◆ **TASK ITEM**
Could the lines from the one containing "Yann Sommer, Borussia" through the end of the material below be returned exactly, with nothing else?

◆ **INPUT RECORDS**
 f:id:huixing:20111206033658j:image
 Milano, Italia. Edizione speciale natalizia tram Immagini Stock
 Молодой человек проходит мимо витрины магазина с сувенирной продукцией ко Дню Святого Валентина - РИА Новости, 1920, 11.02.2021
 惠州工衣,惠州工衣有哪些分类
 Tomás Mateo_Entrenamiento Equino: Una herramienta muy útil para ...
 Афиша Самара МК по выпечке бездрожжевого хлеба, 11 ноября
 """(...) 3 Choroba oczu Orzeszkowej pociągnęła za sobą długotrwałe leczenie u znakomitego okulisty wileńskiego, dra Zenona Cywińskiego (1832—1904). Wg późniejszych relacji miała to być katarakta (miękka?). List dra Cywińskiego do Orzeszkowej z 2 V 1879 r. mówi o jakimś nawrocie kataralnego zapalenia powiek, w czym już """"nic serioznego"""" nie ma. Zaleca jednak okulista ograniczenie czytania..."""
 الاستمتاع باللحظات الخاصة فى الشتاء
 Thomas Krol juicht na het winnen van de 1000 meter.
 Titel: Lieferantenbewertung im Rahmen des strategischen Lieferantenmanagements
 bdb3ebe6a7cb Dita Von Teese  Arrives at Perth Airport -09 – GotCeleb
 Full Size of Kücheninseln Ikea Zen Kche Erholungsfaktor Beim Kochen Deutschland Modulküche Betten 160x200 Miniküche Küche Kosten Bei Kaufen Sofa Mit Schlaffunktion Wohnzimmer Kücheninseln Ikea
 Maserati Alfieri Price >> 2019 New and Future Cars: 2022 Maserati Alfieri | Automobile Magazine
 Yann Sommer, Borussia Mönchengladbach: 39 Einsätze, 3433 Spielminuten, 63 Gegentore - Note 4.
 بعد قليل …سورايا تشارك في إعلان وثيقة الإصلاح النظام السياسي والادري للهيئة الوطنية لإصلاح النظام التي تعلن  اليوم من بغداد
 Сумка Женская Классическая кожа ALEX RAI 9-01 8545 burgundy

◆ **RESULT OF THIS EXERCISE**
 Yann Sommer, Borussia Mönchengladbach: 39 Einsätze, 3433 Spielminuten, 63 Gegentore - Note 4.
 بعد قليل …سورايا تشارك في إعلان وثيقة الإصلاح النظام السياسي والادري للهيئة الوطنية لإصلاح النظام التي تعلن  اليوم من بغداد
 Сумка Женская Классическая кожа ALEX RAI 9-01 8545 burgundy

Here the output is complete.